今日の愛ルケ(#147) | にっけいしんぶん新聞

今日の愛ルケ(#147)

この記事は渡辺淳一先生の連載小説「愛の流刑地」を記者が個人的な視点で読み解く記事で、性的な描写かなり出てまいります。そのような記述を好まない方、ネタバレを嫌う方、並びに15歳未満の方はご遠慮ください。
なお、記者がまとめたあらすじ中の灰色文字部分は、作品のテイストをできるだけ伝えるために原文をそのまま引用した部分です。

春雪 十七
 
全裸の冬香が菊治の上に、ややうしろ向きに座り、背とお臀が軽く前屈みの姿勢で宙に浮いている。冬香を知る誰もが想像できない姿だ。

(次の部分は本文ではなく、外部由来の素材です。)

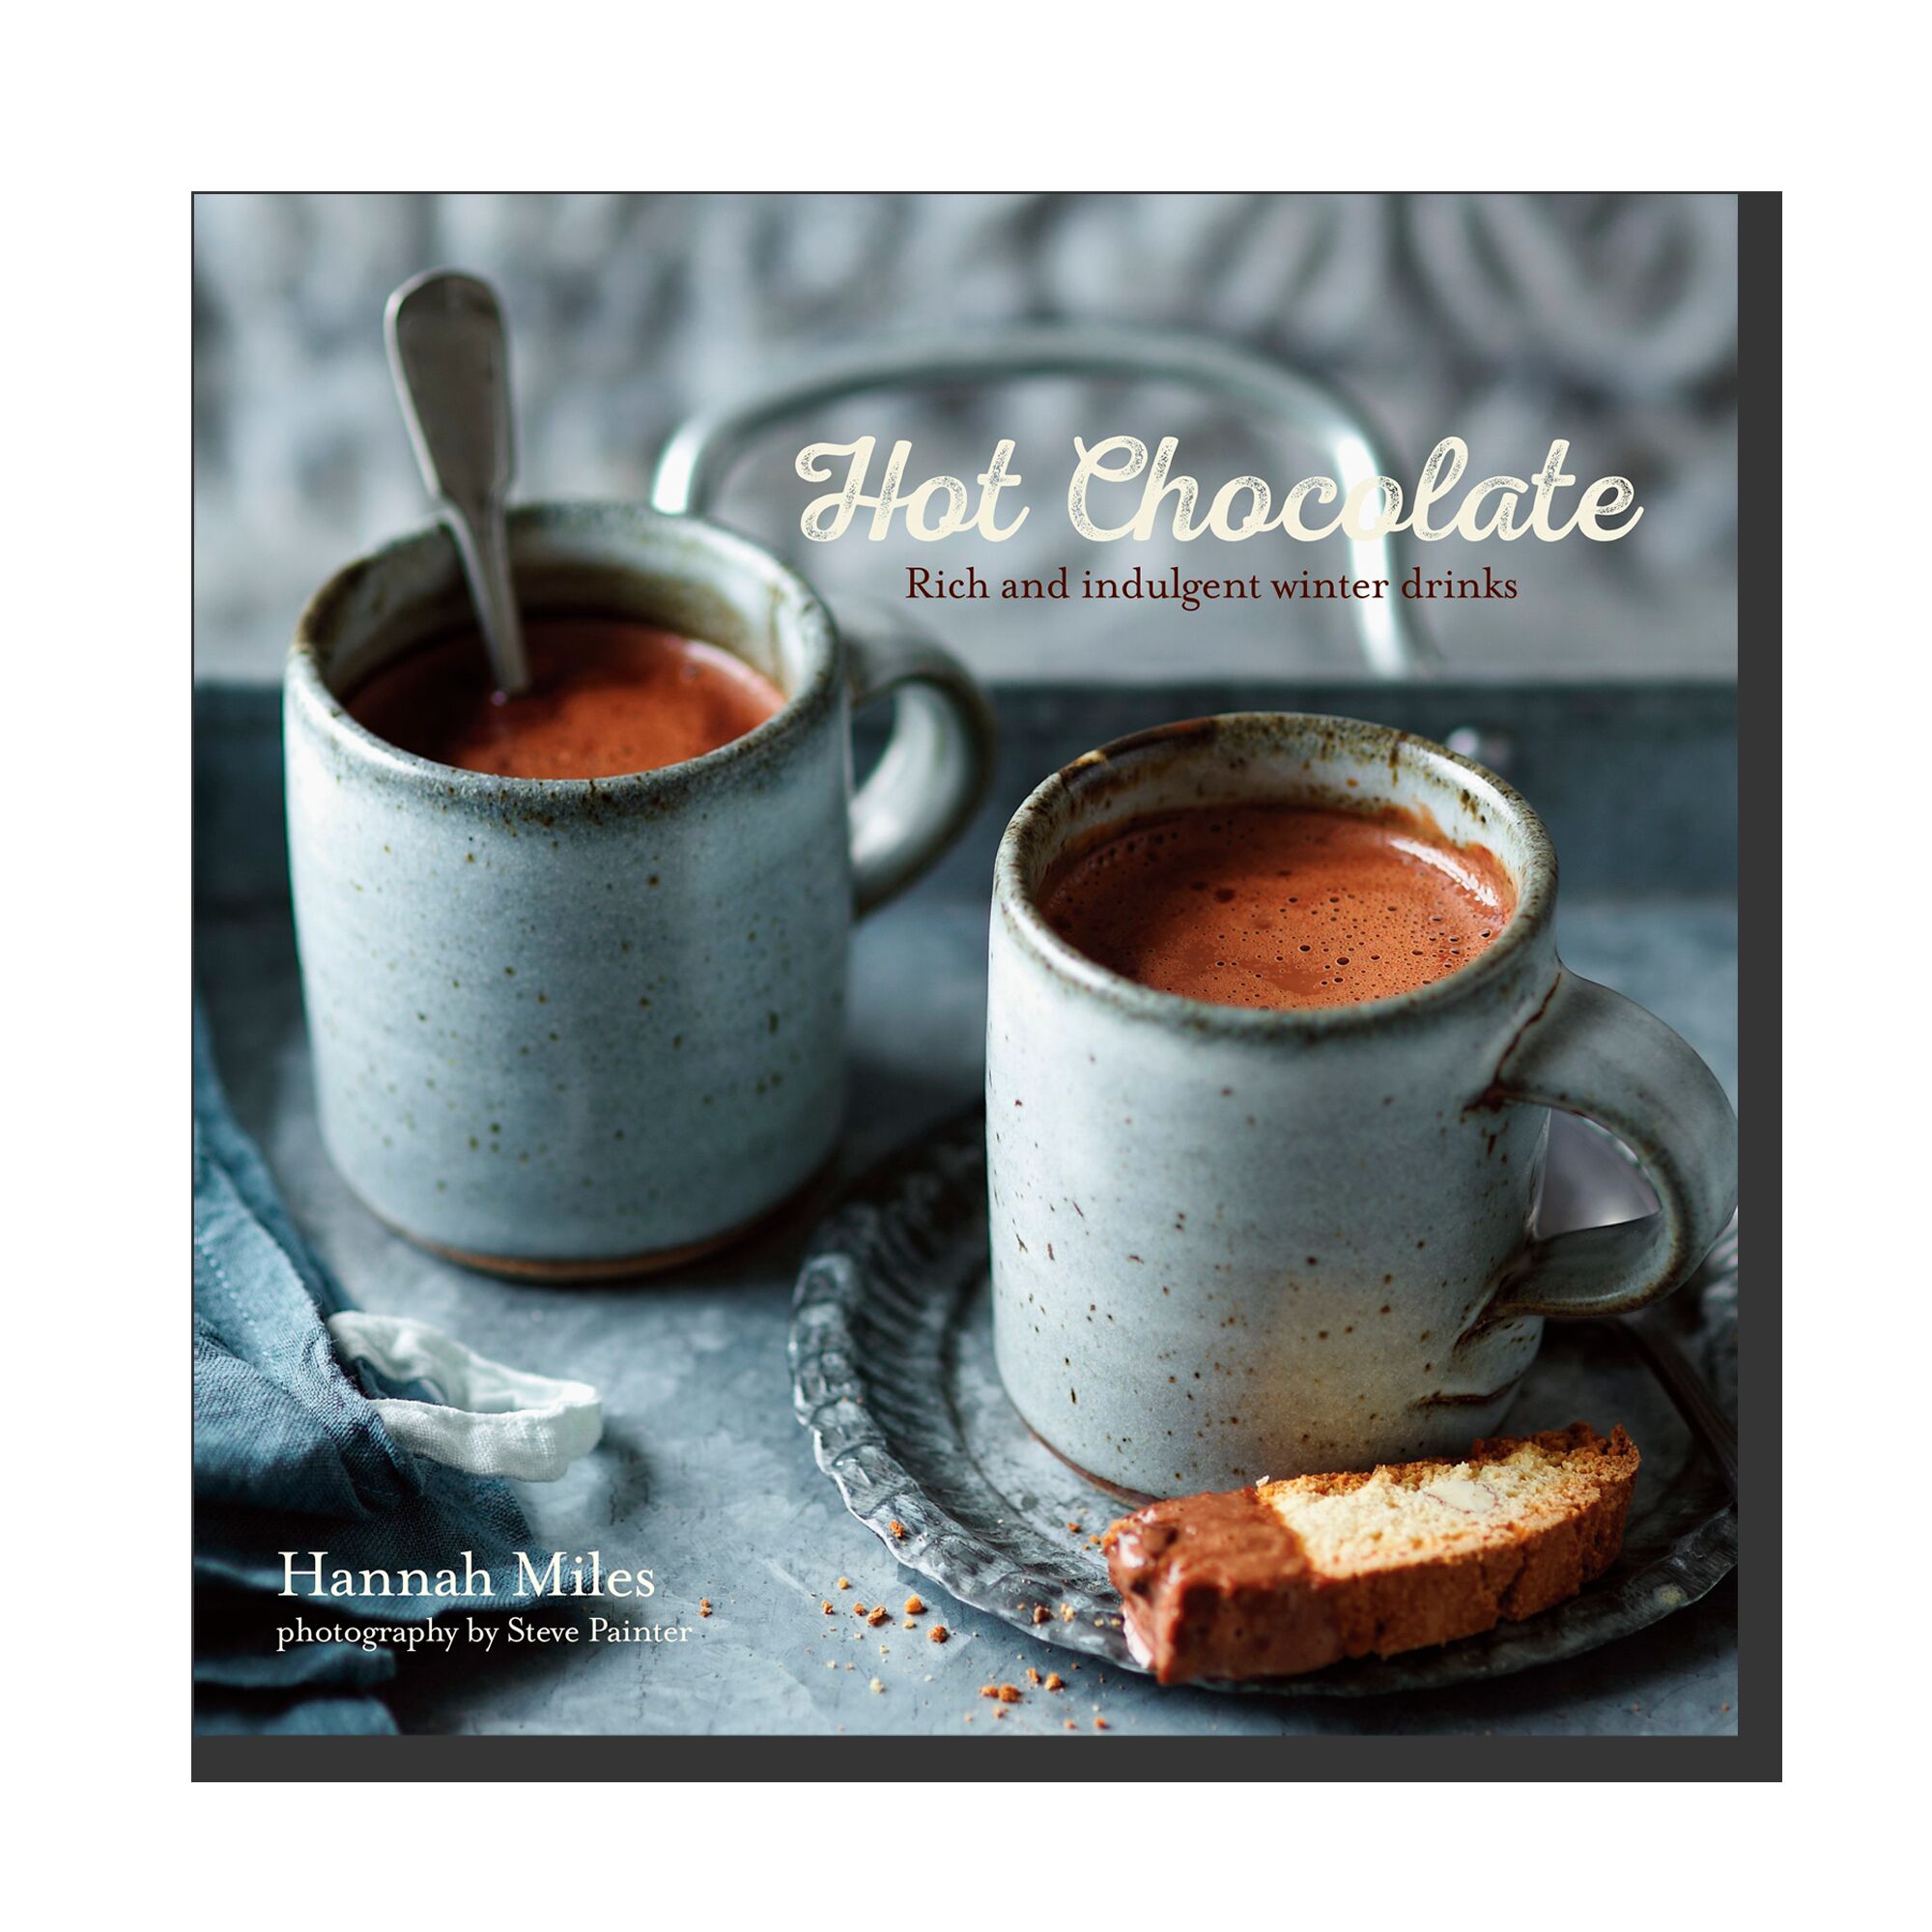 Hot Chocolate: Rich and indulgent winter drinks

冬香は上体を起こして腰をわずかに動かした途端、「あっ・・・」と声をあげ、思わぬ快感にうずくまるように前屈みになる。
初めての体位に戸惑っているのが、発する声の異様さ姿勢の落ち着きのなさからもうかがえるが、冬香は下りようとせず、むしろ怖わ怖わながらも腰をずらして、新たな快楽を探りはじめているようである。

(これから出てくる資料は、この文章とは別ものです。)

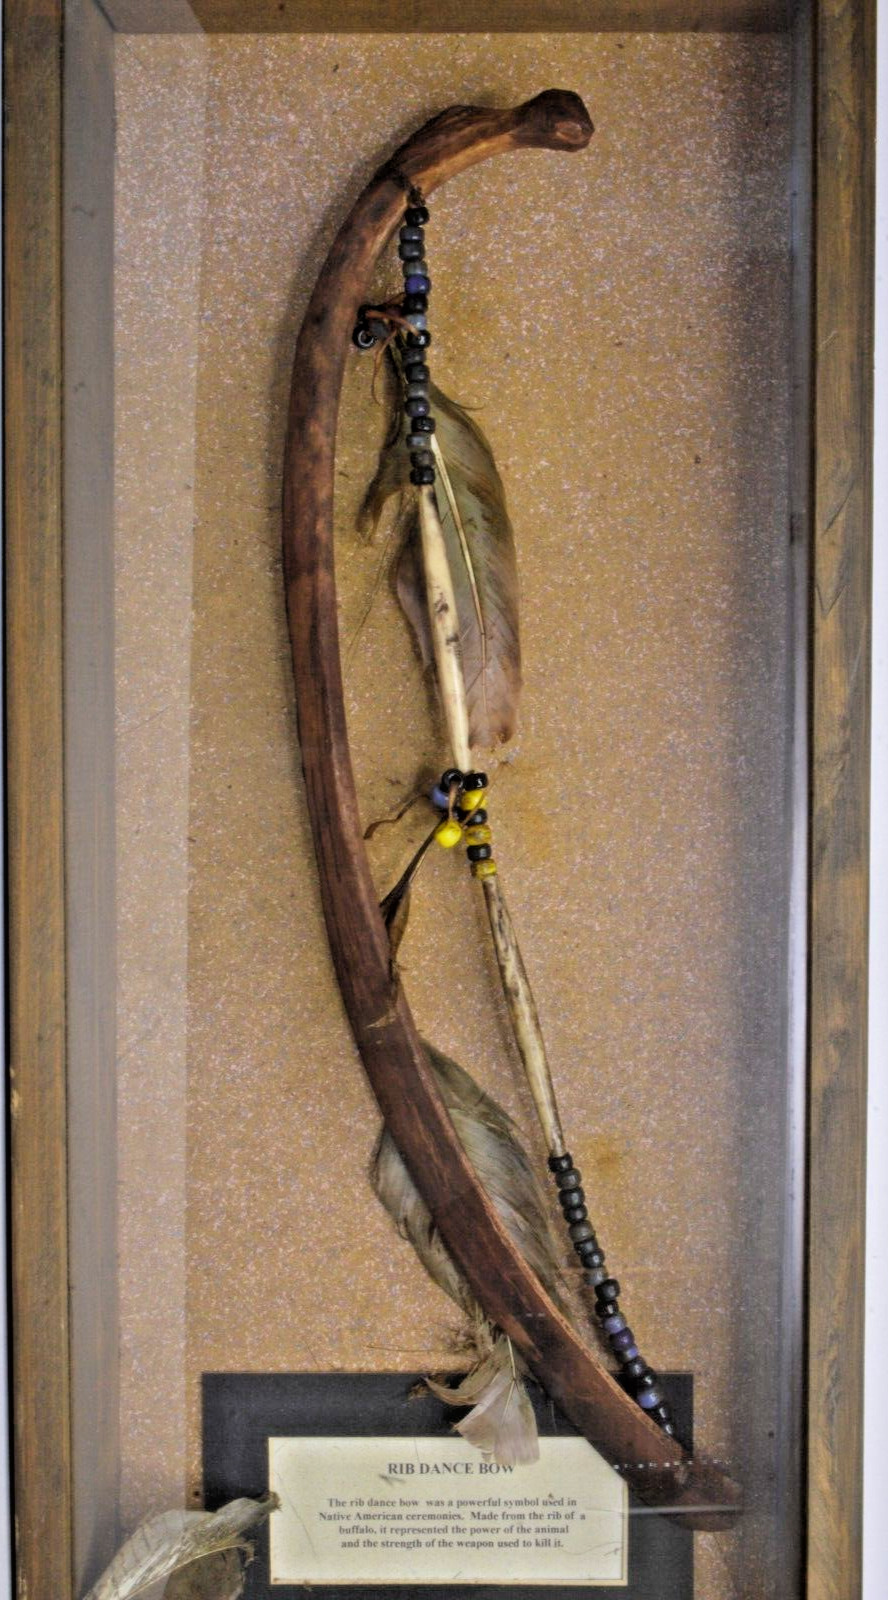 Authentic Native American Indian Territory, Handcrafted Buffalo Rib Dance Bow

むろん、菊治はそれに賛成である。新しい快楽の探検に協力したい。
菊治は冬香の腰を下から支えて軽く前後に揺する。「あっ・・・」と冬香はのけ反り、さらにその刺戟で「いやっ・・・」と前屈みになり、菊治の太股に両手をつく。
快感の刺戟が強すぎたか、恥ずかしさに気づいたか、躰を捻って下りようとするが、それは許さない。ここで止めれば、耐えてきた自分がおいてきぼりを食らう。

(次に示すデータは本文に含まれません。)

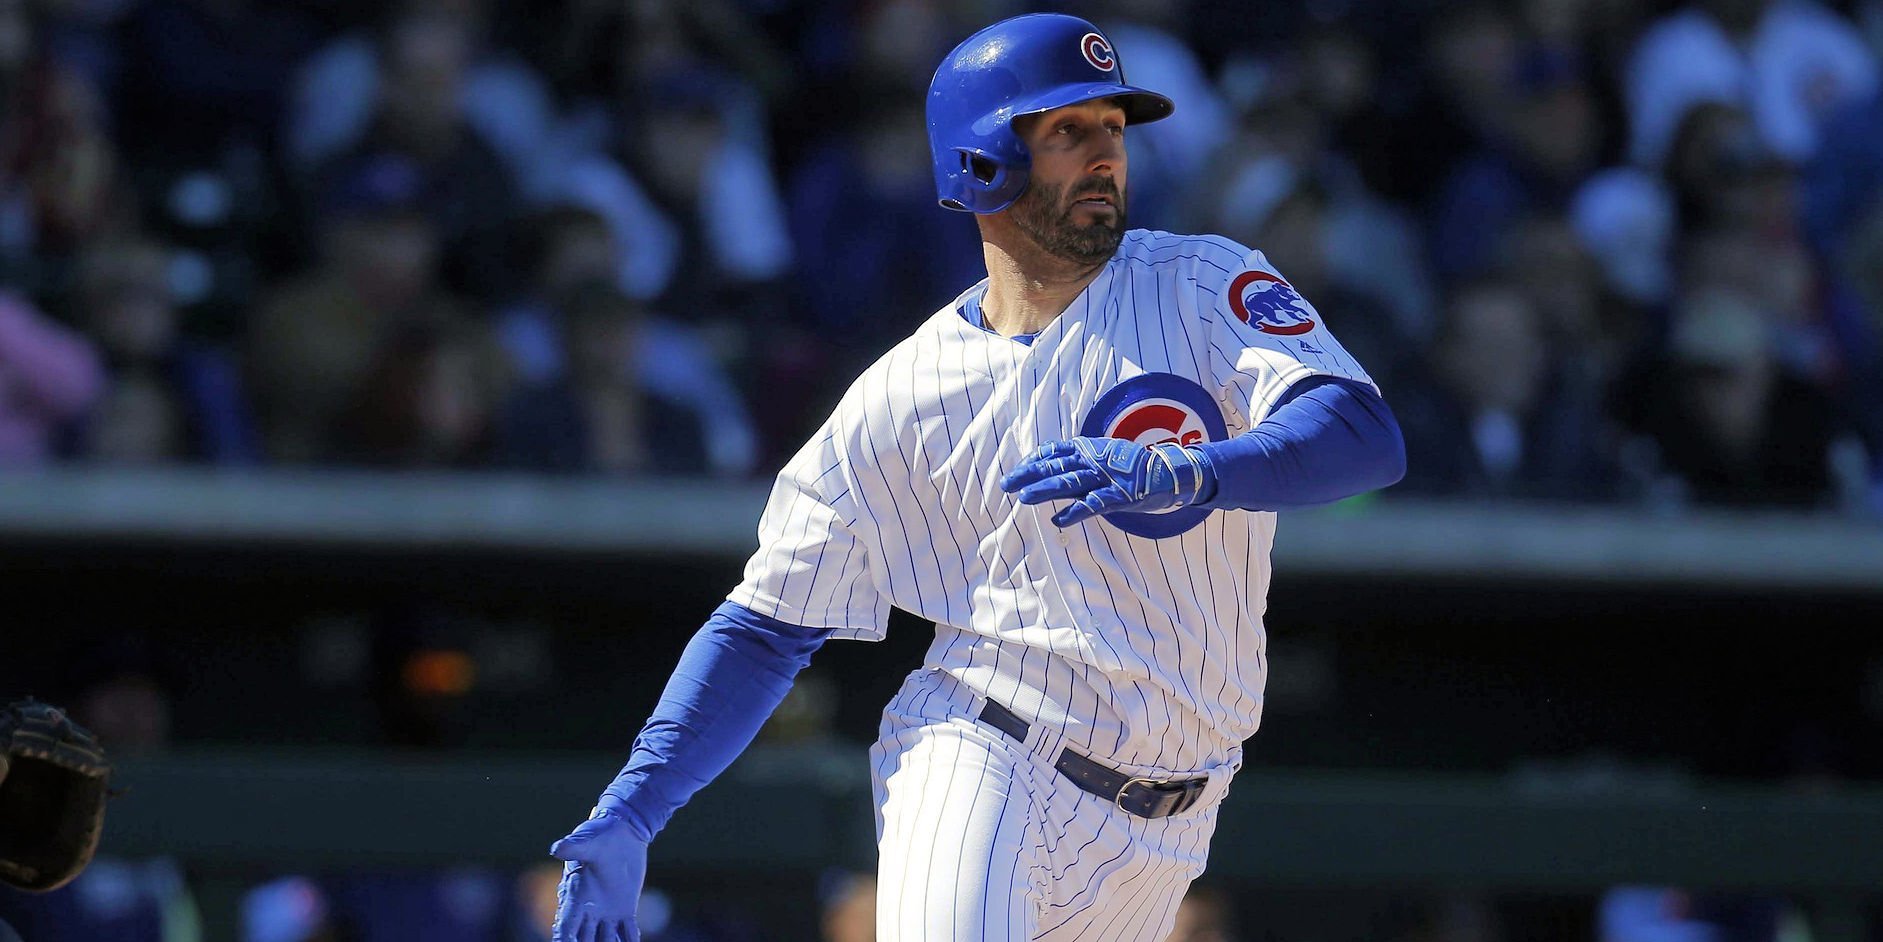 Second baseman Daniel Descalso was called upon to pitch as part of a long night for the Cubs. (Credit: Rick Scuteri-USA TODAY Sports)

「だめ・・・」ときっぱり拒否し、お臀に当てた両手を前後に揺らし、押し上げる。
「やめて・・・」という声とは裏腹に、息を荒げながら、自分からまあるいお臀を前後に揺らしている。
 
 
夕焼け小焼け日がれて・・・
 
いえ、まだお昼前だはと思うんですが、カーテンで閉ざされて淡い闇となっている菊治のお部屋には、大きなお月様ならぬ、まあるいお臀がぽっかりと浮かんでいるようです。
 
などと牧歌的なことを言っている場合ではありませんね。
シーン自体はこってりねっとりと性行為の場面が続いています。
いつものように筆運びはよろしくなっているのですが・・・
 
これ、完全に官能小説ですよ。
これはこのまま新聞に掲載していいのでしょうか。
世の中には一般紙と日経の両紙をとっているご家庭も少なくないわけで、テレビ欄を見ようと思った小学生が一般紙のつもりで日経の最終面を開くと、そこにはまあるいお臀が菊治の上にぽっかりと・・・
 
どうしますか、おかあさん方。
こどもさんが質問してくるんですよ。
 
「お母さん、これなんて読むの?」
「どーれ?」
「これ。『花蕊』
「ああ、これね。これは本当は『はなしべ』とか『かずい』って読むんだけど、この場合は渡辺ワールドだから特別に『かしん』って読むのよ」
 
・・・って、教えられるかぁっ!!
 
とまあ、そんな懸念から記者、前話で渡辺先生に描写への配慮を求めたんですが、しかしアメブロメンテナンス中にのんびり考えたところ、確かにこの小説が性描写の嫌いな方や子供の目に触れるのは問題ですが、先生に配慮を求めるのは誤りだと思うに至りました。
 
渡辺氏に性描写の自重を求めるのは、ボブサップに緻密なボクシングを求めたり、全盛期の王貞治にイチローばりのレフト前ヒットで走者を還せと求めるようなもので、せっかくの持ち味を奪うことはまったく前向きではありません。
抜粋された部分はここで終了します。